Analisi degli Anticorpi Specifici del Donatore:

I DSA vengono analizzati in ogni centro utilizzando la piattaforma Luminex xMAP, riportati come intensità media di fluorescenza (MFI). Saranno esplorate le relazioni tra DSA, dd-cfDNA e risultati delle biopsie.

Considerazioni Etiche:

Lo studio ha approvazione etica (Riferimento: 2024-03357-01, 2025-04085-02) e segue la Dichiarazione di Helsinki, le linee guida etiche ISHLT, la Buona Pratica Clinica e le normative pertinenti. Il consenso informato scritto è ottenuto da tutti i partecipanti.

Gestione Dati e Analisi Statistica:

I dati sono archiviati in un database sicuro, protetto da password, con identificatori codificati. Le statistiche descrittive riassumono le caratteristiche basali. Le associazioni tra dd-cfDNA, DSA e biopsie saranno analizzate con test non parametrici e modelli di regressione multivariata. Le analisi vengono eseguite utilizzando R.

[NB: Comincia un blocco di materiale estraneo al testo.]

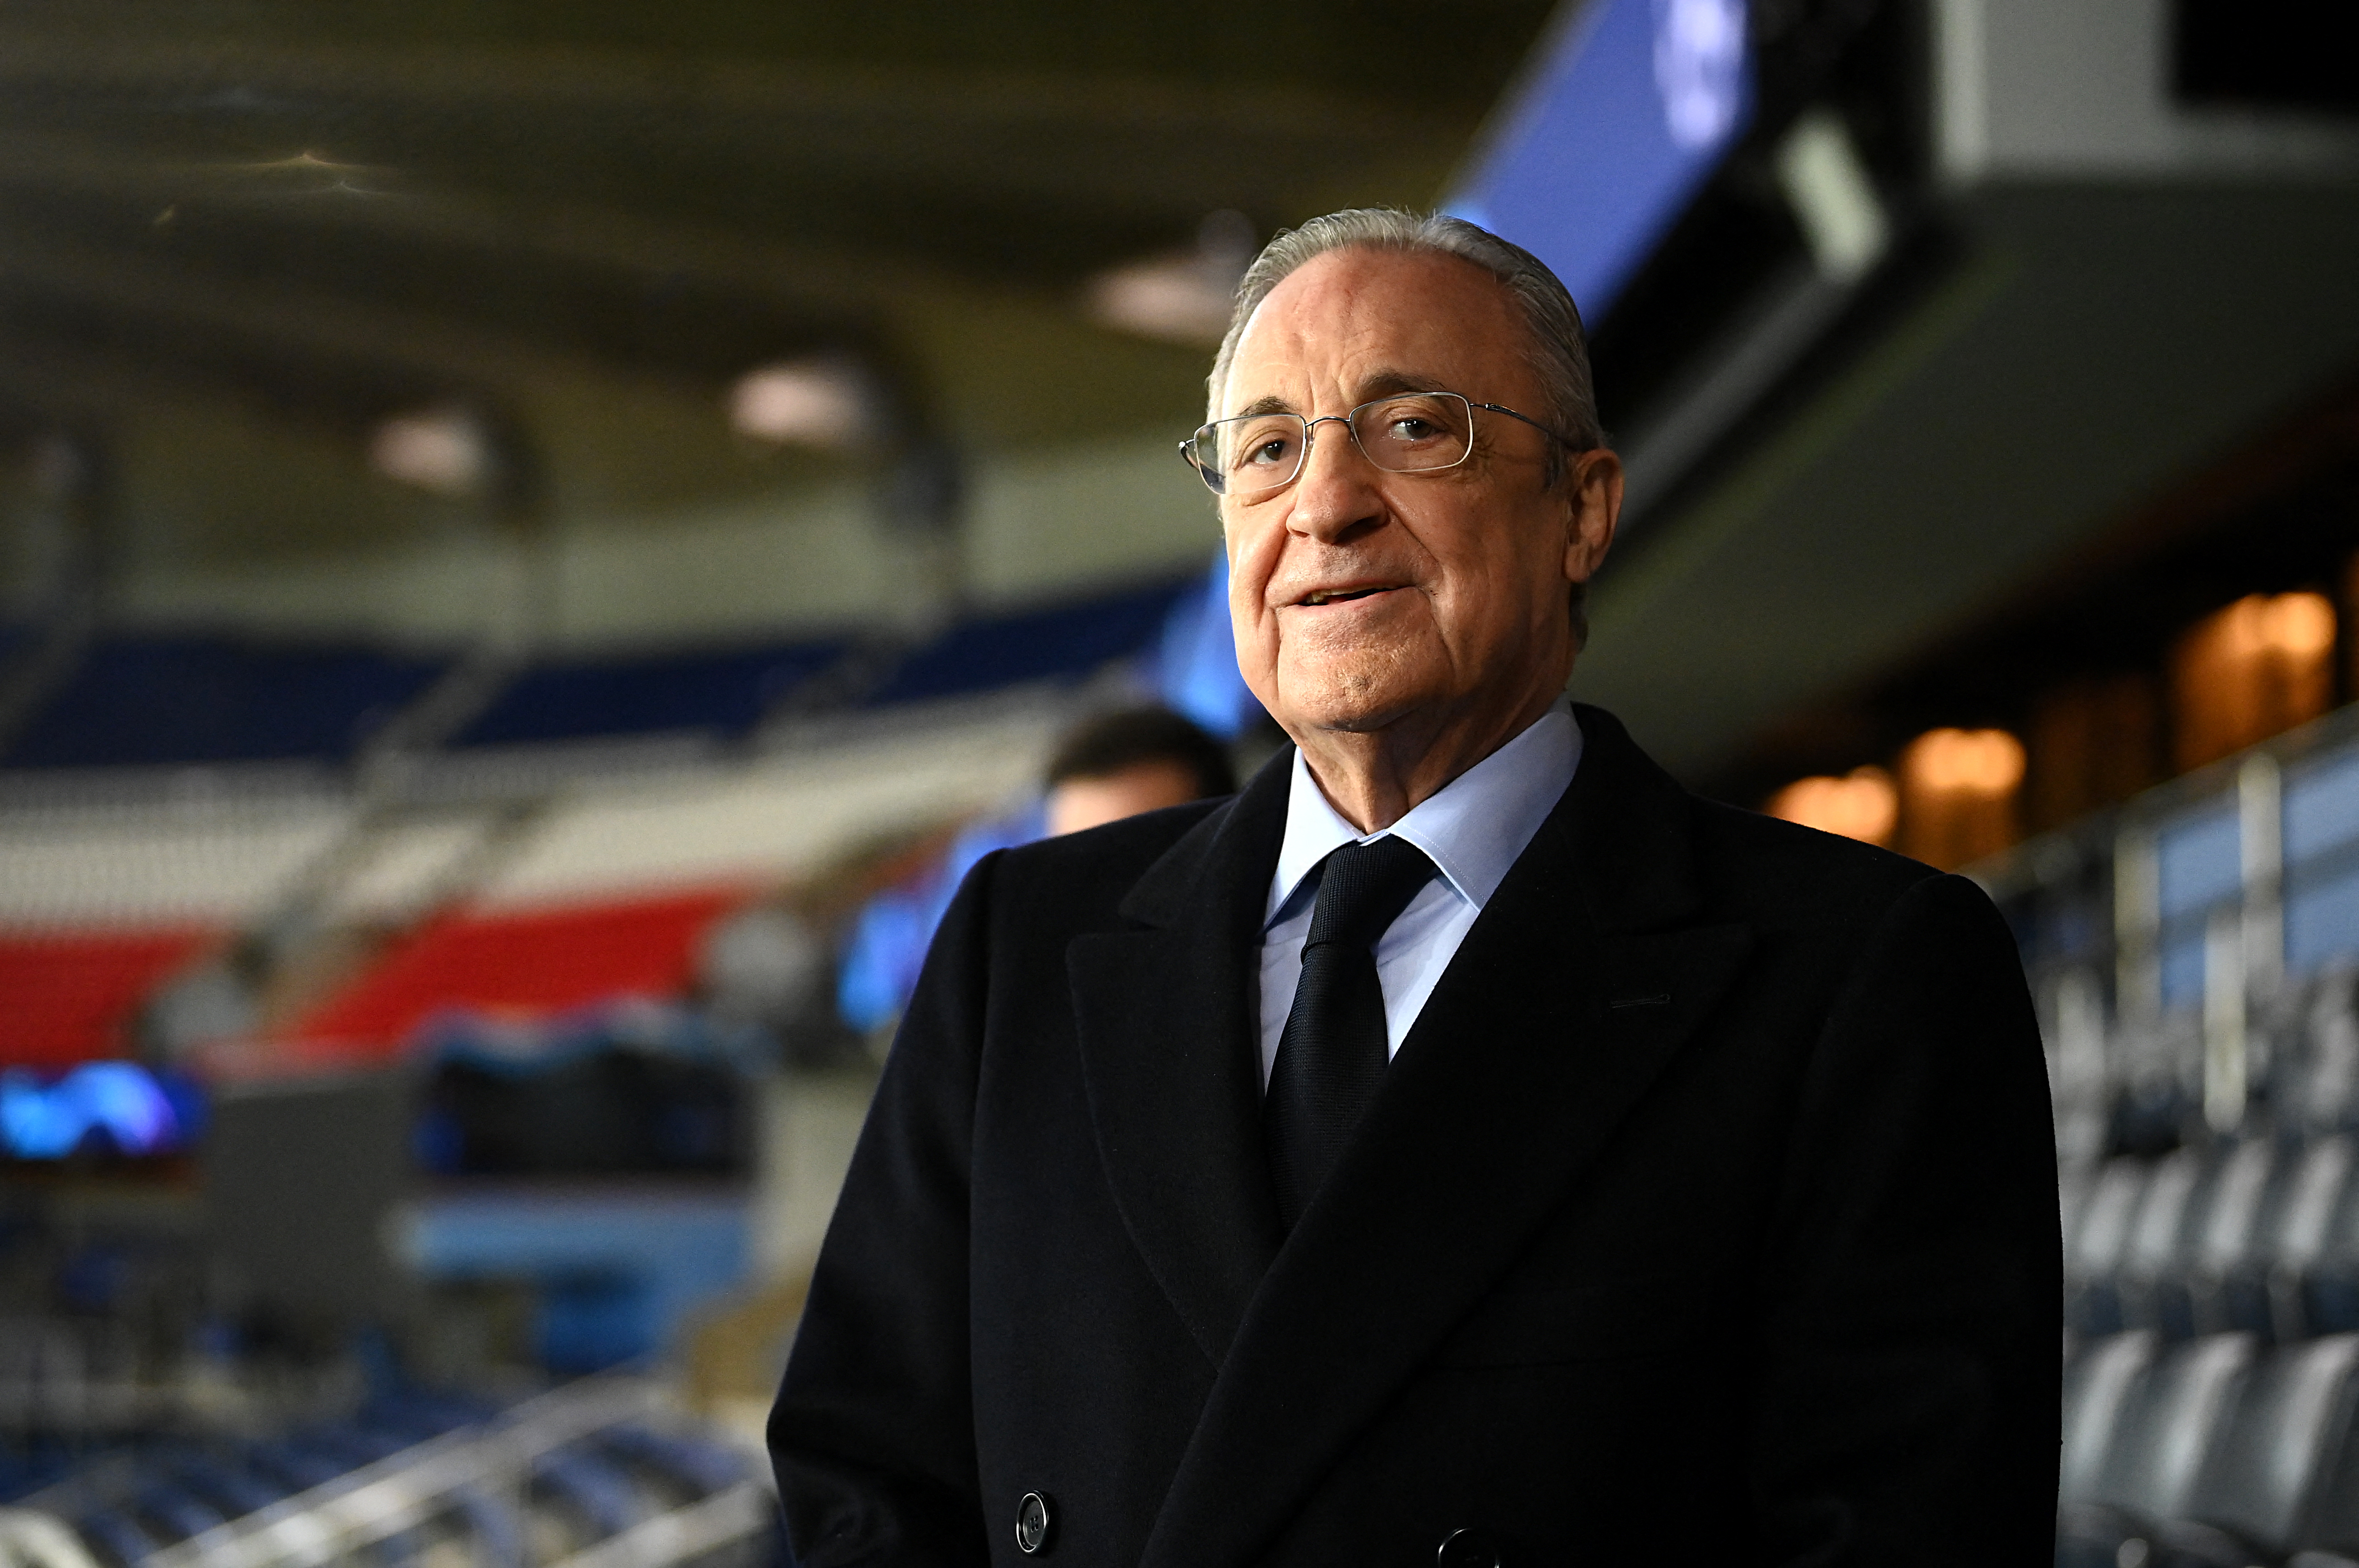 Florentino Pérez, el magnate que llevó al Real Madrid a otra dimensión

Governance della Sperimentazione:

Lo SweD-HTx è uno studio avviato da investigatori. DEVYSER fornisce i kit di test del DNA, con test eseguiti nei laboratori di immunologia locali utilizzando NGS e controlli standardizzati. Gli investigatori e un comitato direttivo indipendente supervisionano la sperimentazione. DEVYSER non ha alcun ruolo nella raccolta, analisi, interpretazione dei dati o decisioni di pubblicazione. Lo studio ha ricevuto finanziamenti dalla Regione Stoccolma (borse ALF).

Risultati:

Al 1 gennaio 2026, 72 partecipanti sono stati arruolati da tutti i centri, con 436 campioni raccolti. I dati includono demografia, risultati di laboratorio e regimi immunosoppressivi ad ogni punto temporale di campionamento. I livelli di DSA e dd-cfDNA saranno correlati e analizzati longitudinalmente, con sottostudi pianificati su imaging e follow-up a lungo termine.